**BRIEF:**
The whole of the material needs to be repeated exactly, line for line.

**AVAILABLE DATA:**
++++

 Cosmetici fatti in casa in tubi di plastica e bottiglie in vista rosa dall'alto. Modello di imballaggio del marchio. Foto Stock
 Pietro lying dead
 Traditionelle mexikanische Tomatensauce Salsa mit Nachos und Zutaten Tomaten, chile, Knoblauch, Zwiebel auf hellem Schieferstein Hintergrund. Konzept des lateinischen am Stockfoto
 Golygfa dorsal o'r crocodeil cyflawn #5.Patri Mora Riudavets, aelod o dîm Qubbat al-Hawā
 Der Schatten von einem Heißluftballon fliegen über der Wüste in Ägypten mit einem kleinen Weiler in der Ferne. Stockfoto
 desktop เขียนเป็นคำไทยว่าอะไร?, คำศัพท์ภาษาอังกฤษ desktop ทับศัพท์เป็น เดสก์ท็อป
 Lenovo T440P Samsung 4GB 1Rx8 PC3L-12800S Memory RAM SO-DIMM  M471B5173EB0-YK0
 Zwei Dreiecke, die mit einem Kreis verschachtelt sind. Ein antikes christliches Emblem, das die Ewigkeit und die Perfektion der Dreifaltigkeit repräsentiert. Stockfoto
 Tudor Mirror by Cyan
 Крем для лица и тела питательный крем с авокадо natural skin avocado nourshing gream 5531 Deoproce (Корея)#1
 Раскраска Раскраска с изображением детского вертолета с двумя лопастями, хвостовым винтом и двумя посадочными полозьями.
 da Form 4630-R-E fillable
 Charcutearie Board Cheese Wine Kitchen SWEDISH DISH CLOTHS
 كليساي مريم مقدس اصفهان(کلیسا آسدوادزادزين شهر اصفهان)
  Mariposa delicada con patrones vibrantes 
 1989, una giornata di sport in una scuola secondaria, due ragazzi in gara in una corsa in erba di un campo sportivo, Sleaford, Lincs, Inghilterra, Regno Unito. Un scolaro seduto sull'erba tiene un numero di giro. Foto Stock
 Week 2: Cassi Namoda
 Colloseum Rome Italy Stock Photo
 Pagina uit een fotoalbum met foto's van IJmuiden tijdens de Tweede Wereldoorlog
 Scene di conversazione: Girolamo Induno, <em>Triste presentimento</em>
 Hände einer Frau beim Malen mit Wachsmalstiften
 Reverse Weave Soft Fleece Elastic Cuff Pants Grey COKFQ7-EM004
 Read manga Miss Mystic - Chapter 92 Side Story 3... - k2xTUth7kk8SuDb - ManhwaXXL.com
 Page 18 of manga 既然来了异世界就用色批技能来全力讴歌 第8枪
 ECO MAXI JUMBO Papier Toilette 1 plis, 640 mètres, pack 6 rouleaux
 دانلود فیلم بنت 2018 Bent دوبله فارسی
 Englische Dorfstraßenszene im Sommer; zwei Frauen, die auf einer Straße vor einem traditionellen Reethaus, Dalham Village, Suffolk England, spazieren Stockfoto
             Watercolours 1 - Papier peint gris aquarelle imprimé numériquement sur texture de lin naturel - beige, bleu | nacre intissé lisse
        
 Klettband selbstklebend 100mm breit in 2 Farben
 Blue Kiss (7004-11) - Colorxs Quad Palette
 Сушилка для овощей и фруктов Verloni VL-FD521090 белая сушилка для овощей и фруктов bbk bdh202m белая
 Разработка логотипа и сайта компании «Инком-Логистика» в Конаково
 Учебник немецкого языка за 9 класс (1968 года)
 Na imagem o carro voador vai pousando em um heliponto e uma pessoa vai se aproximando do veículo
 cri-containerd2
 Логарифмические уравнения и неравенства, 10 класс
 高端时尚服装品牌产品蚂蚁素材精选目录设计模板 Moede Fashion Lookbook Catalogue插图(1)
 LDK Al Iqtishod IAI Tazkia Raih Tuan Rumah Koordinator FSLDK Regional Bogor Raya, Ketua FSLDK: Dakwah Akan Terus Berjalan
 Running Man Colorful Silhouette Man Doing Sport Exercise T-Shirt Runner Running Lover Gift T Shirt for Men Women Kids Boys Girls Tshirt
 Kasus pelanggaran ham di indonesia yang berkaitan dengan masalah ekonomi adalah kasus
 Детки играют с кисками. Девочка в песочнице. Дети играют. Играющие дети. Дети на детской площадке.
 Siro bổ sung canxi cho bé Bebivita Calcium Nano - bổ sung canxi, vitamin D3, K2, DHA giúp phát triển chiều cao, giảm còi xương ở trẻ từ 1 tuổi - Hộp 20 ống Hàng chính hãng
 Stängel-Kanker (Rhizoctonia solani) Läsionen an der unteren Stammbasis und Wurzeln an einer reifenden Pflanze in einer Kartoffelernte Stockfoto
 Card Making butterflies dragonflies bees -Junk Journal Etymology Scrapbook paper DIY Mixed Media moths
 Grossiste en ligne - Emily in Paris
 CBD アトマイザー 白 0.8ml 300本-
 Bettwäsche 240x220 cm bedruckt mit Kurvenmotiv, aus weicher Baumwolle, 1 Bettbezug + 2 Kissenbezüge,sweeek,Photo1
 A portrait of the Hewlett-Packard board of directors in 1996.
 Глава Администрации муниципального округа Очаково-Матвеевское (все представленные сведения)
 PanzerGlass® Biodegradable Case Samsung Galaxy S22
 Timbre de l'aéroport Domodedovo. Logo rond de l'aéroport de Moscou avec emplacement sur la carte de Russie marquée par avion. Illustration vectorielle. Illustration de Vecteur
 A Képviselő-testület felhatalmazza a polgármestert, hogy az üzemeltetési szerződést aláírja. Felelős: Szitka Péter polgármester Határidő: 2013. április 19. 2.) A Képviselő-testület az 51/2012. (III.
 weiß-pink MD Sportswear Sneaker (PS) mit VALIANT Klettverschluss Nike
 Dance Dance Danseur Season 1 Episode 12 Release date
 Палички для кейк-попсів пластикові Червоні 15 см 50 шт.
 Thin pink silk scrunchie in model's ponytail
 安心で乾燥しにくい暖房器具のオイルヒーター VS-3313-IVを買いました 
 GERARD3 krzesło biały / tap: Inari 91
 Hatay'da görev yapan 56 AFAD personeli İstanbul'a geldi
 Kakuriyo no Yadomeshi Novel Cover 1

++++

**RESPONSE BELOW:**
 Cosmetici fatti in casa in tubi di plastica e bottiglie in vista rosa dall'alto. Modello di imballaggio del marchio. Foto Stock
 Pietro lying dead
 Traditionelle mexikanische Tomatensauce Salsa mit Nachos und Zutaten Tomaten, chile, Knoblauch, Zwiebel auf hellem Schieferstein Hintergrund. Konzept des lateinischen am Stockfoto
 Golygfa dorsal o'r crocodeil cyflawn #5.Patri Mora Riudavets, aelod o dîm Qubbat al-Hawā
 Der Schatten von einem Heißluftballon fliegen über der Wüste in Ägypten mit einem kleinen Weiler in der Ferne. Stockfoto
 desktop เขียนเป็นคำไทยว่าอะไร?, คำศัพท์ภาษาอังกฤษ desktop ทับศัพท์เป็น เดสก์ท็อป
 Lenovo T440P Samsung 4GB 1Rx8 PC3L-12800S Memory RAM SO-DIMM  M471B5173EB0-YK0
 Zwei Dreiecke, die mit einem Kreis verschachtelt sind. Ein antikes christliches Emblem, das die Ewigkeit und die Perfektion der Dreifaltigkeit repräsentiert. Stockfoto
 Tudor Mirror by Cyan
 Крем для лица и тела питательный крем с авокадо natural skin avocado nourshing gream 5531 Deoproce (Корея)#1
 Раскраска Раскраска с изображением детского вертолета с двумя лопастями, хвостовым винтом и двумя посадочными полозьями.
 da Form 4630-R-E fillable
 Charcutearie Board Cheese Wine Kitchen SWEDISH DISH CLOTHS
 كليساي مريم مقدس اصفهان(کلیسا آسدوادزادزين شهر اصفهان)
  Mariposa delicada con patrones vibrantes 
 1989, una giornata di sport in una scuola secondaria, due ragazzi in gara in una corsa in erba di un campo sportivo, Sleaford, Lincs, Inghilterra, Regno Unito. Un scolaro seduto sull'erba tiene un numero di giro. Foto Stock
 Week 2: Cassi Namoda
 Colloseum Rome Italy Stock Photo
 Pagina uit een fotoalbum met foto's van IJmuiden tijdens de Tweede Wereldoorlog
 Scene di conversazione: Girolamo Induno, <em>Triste presentimento</em>
 Hände einer Frau beim Malen mit Wachsmalstiften
 Reverse Weave Soft Fleece Elastic Cuff Pants Grey COKFQ7-EM004
 Read manga Miss Mystic - Chapter 92 Side Story 3... - k2xTUth7kk8SuDb - ManhwaXXL.com
 Page 18 of manga 既然来了异世界就用色批技能来全力讴歌 第8枪
 ECO MAXI JUMBO Papier Toilette 1 plis, 640 mètres, pack 6 rouleaux
 دانلود فیلم بنت 2018 Bent دوبله فارسی
 Englische Dorfstraßenszene im Sommer; zwei Frauen, die auf einer Straße vor einem traditionellen Reethaus, Dalham Village, Suffolk England, spazieren Stockfoto
             Watercolours 1 - Papier peint gris aquarelle imprimé numériquement sur texture de lin naturel - beige, bleu | nacre intissé lisse
        
 Klettband selbstklebend 100mm breit in 2 Farben
 Blue Kiss (7004-11) - Colorxs Quad Palette
 Сушилка для овощей и фруктов Verloni VL-FD521090 белая сушилка для овощей и фруктов bbk bdh202m белая
 Разработка логотипа и сайта компании «Инком-Логистика» в Конаково
 Учебник немецкого языка за 9 класс (1968 года)
 Na imagem o carro voador vai pousando em um heliponto e uma pessoa vai se aproximando do veículo
 cri-containerd2
 Логарифмические уравнения и неравенства, 10 класс
 高端时尚服装品牌产品蚂蚁素材精选目录设计模板 Moede Fashion Lookbook Catalogue插图(1)
 LDK Al Iqtishod IAI Tazkia Raih Tuan Rumah Koordinator FSLDK Regional Bogor Raya, Ketua FSLDK: Dakwah Akan Terus Berjalan
 Running Man Colorful Silhouette Man Doing Sport Exercise T-Shirt Runner Running Lover Gift T Shirt for Men Women Kids Boys Girls Tshirt
 Kasus pelanggaran ham di indonesia yang berkaitan dengan masalah ekonomi adalah kasus
 Детки играют с кисками. Девочка в песочнице. Дети играют. Играющие дети. Дети на детской площадке.
 Siro bổ sung canxi cho bé Bebivita Calcium Nano - bổ sung canxi, vitamin D3, K2, DHA giúp phát triển chiều cao, giảm còi xương ở trẻ từ 1 tuổi - Hộp 20 ống Hàng chính hãng
 Stängel-Kanker (Rhizoctonia solani) Läsionen an der unteren Stammbasis und Wurzeln an einer reifenden Pflanze in einer Kartoffelernte Stockfoto
 Card Making butterflies dragonflies bees -Junk Journal Etymology Scrapbook paper DIY Mixed Media moths
 Grossiste en ligne - Emily in Paris
 CBD アトマイザー 白 0.8ml 300本-
 Bettwäsche 240x220 cm bedruckt mit Kurvenmotiv, aus weicher Baumwolle, 1 Bettbezug + 2 Kissenbezüge,sweeek,Photo1
 A portrait of the Hewlett-Packard board of directors in 1996.
 Глава Администрации муниципального округа Очаково-Матвеевское (все представленные сведения)
 PanzerGlass® Biodegradable Case Samsung Galaxy S22
 Timbre de l'aéroport Domodedovo. Logo rond de l'aéroport de Moscou avec emplacement sur la carte de Russie marquée par avion. Illustration vectorielle. Illustration de Vecteur
 A Képviselő-testület felhatalmazza a polgármestert, hogy az üzemeltetési szerződést aláírja. Felelős: Szitka Péter polgármester Határidő: 2013. április 19. 2.) A Képviselő-testület az 51/2012. (III.
 weiß-pink MD Sportswear Sneaker (PS) mit VALIANT Klettverschluss Nike
 Dance Dance Danseur Season 1 Episode 12 Release date
 Палички для кейк-попсів пластикові Червоні 15 см 50 шт.
 Thin pink silk scrunchie in model's ponytail
 安心で乾燥しにくい暖房器具のオイルヒーター VS-3313-IVを買いました 
 GERARD3 krzesło biały / tap: Inari 91
 Hatay'da görev yapan 56 AFAD personeli İstanbul'a geldi
 Kakuriyo no Yadomeshi Novel Cover 1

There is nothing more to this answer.